DATA EXCERPT
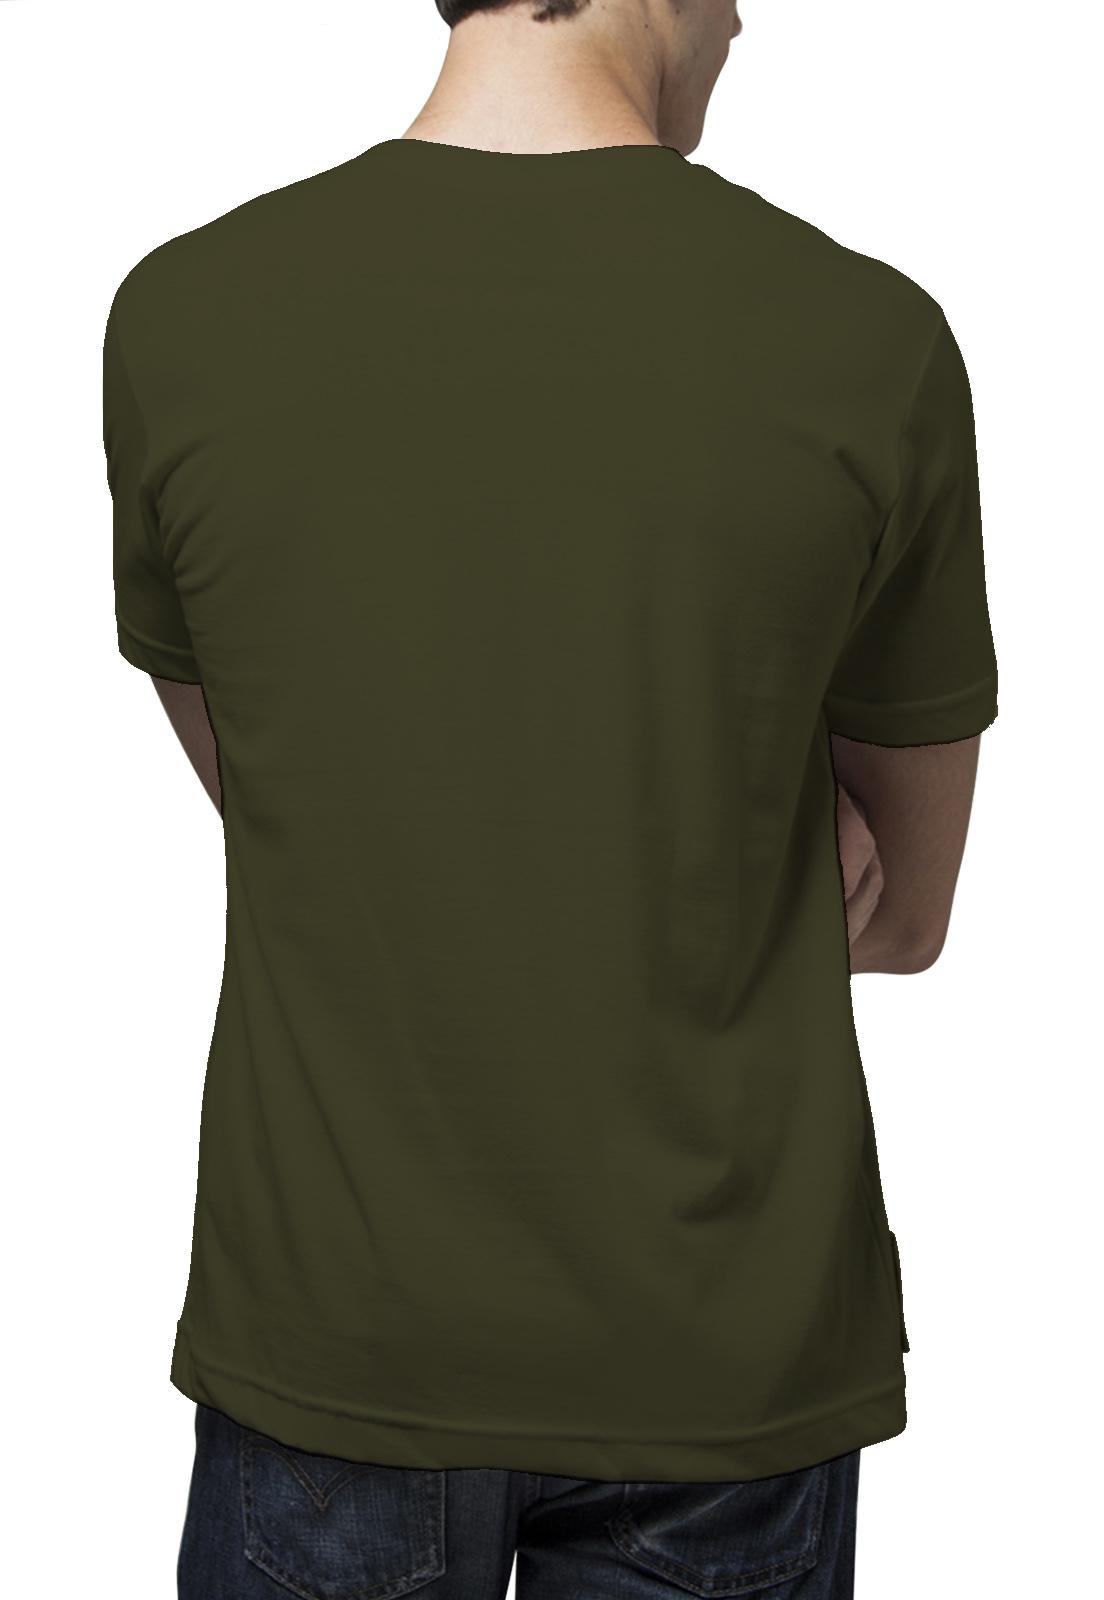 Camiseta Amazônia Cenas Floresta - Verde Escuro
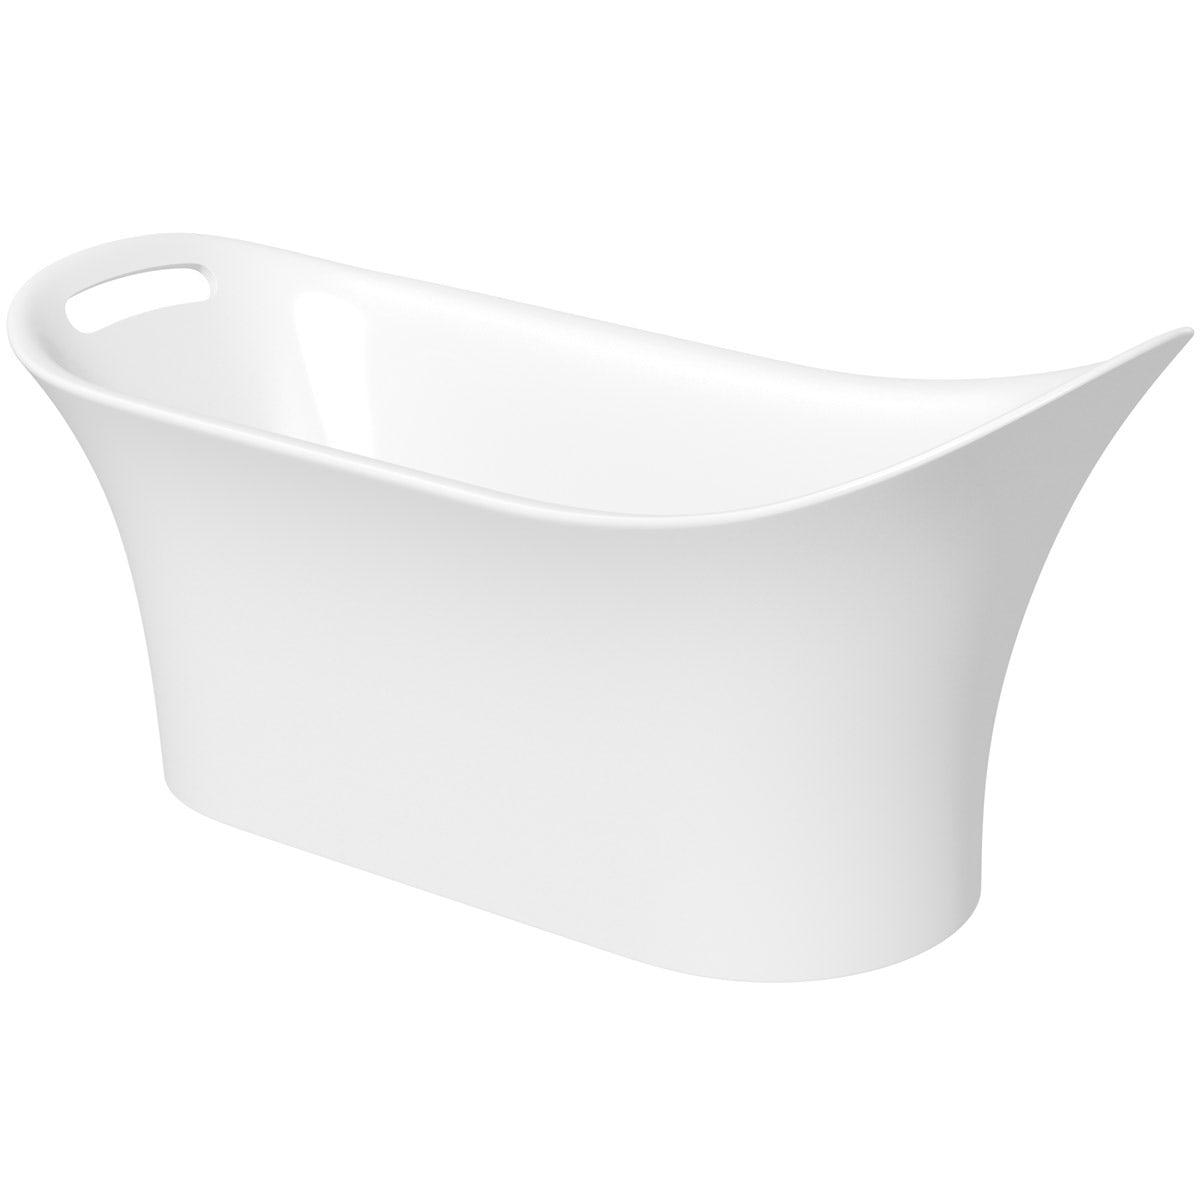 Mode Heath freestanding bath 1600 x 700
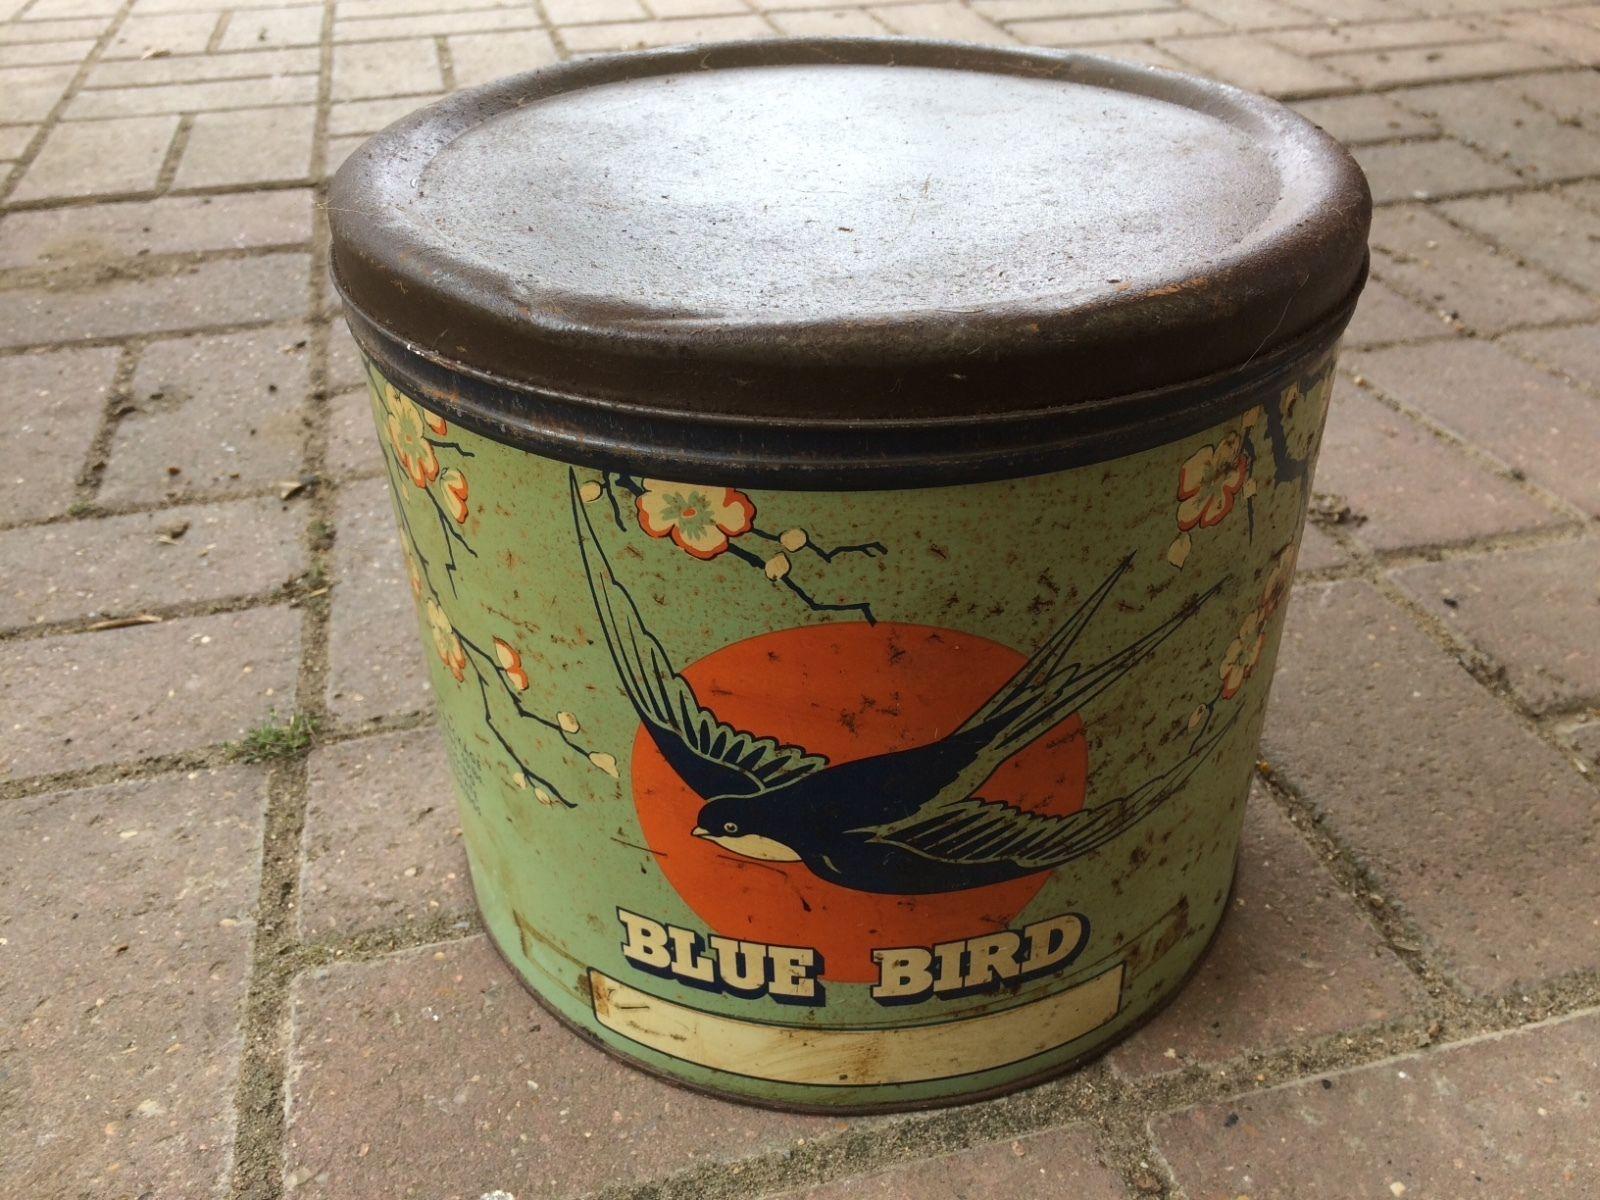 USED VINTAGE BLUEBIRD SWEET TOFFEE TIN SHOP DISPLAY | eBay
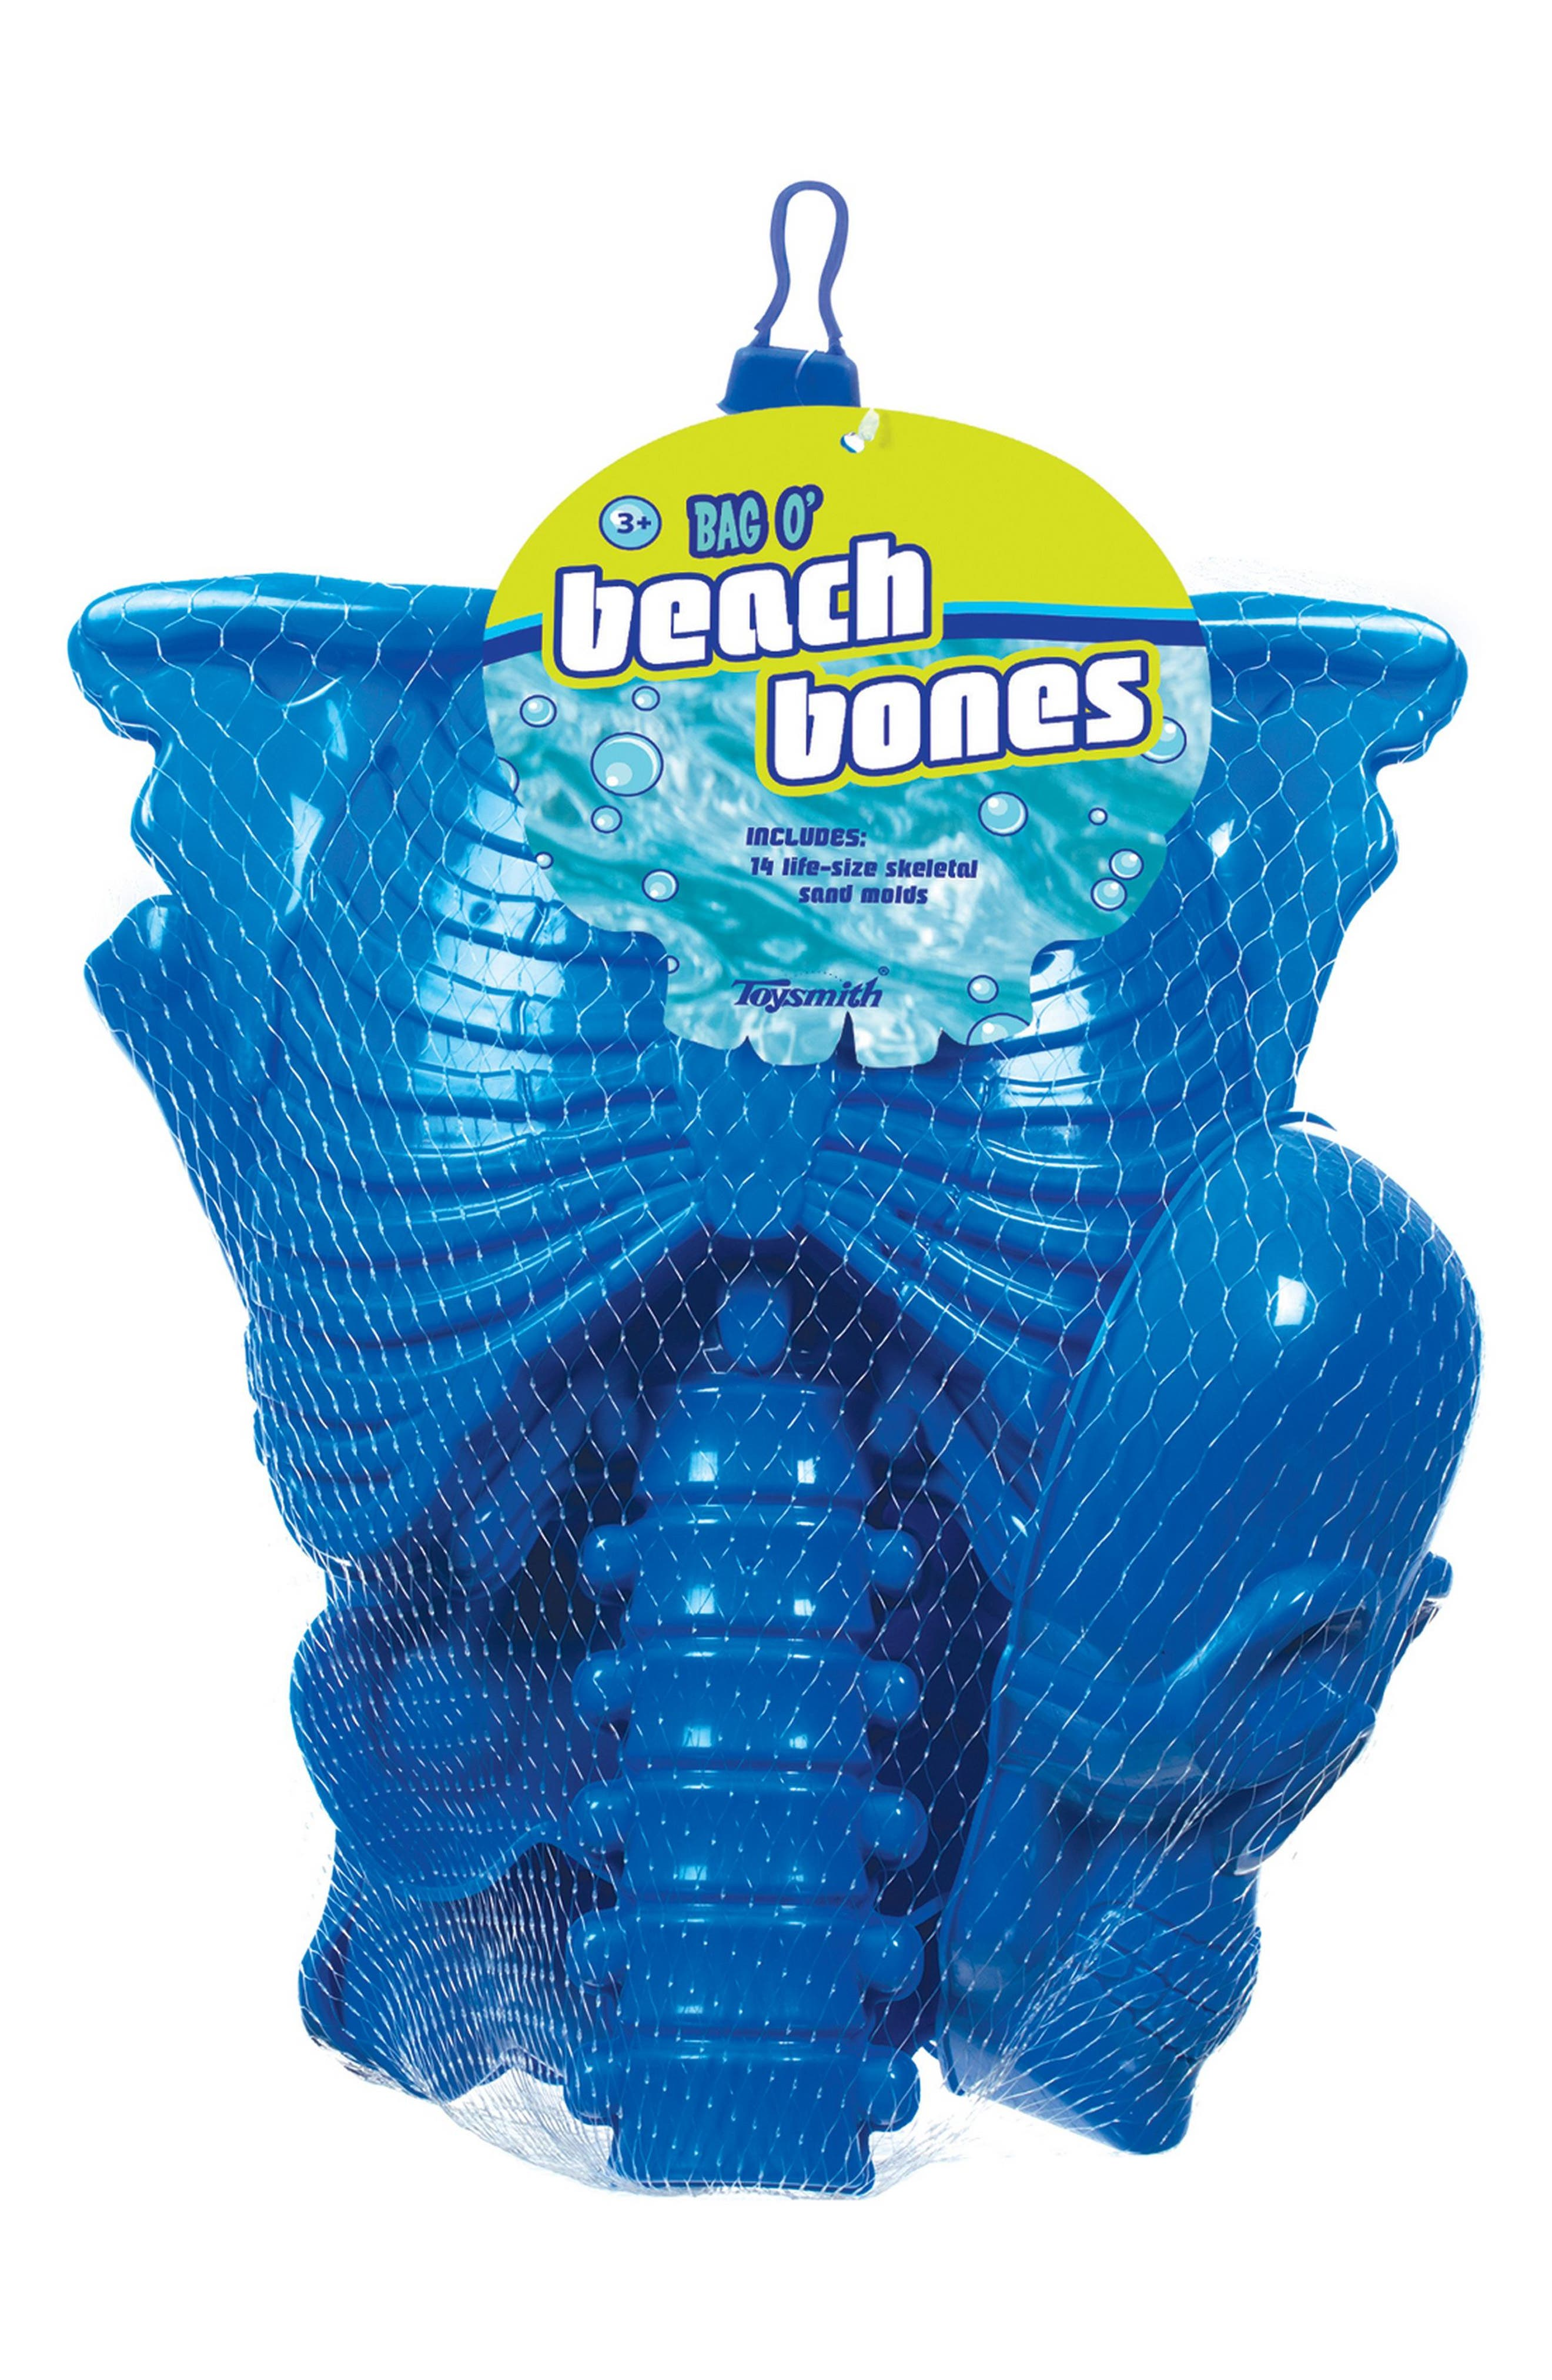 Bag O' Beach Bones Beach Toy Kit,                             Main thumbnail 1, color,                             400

ASSIGNMENT
Only the lines from the one containing "USED VINTAGE BLUEBIRD" through the last line of the material are to be restated word for word; no picture is to be included.

EXERCISE OUTPUT
 USED VINTAGE BLUEBIRD SWEET TOFFEE TIN SHOP DISPLAY | eBay
 Bag O' Beach Bones Beach Toy Kit,                             Main thumbnail 1, color,                             400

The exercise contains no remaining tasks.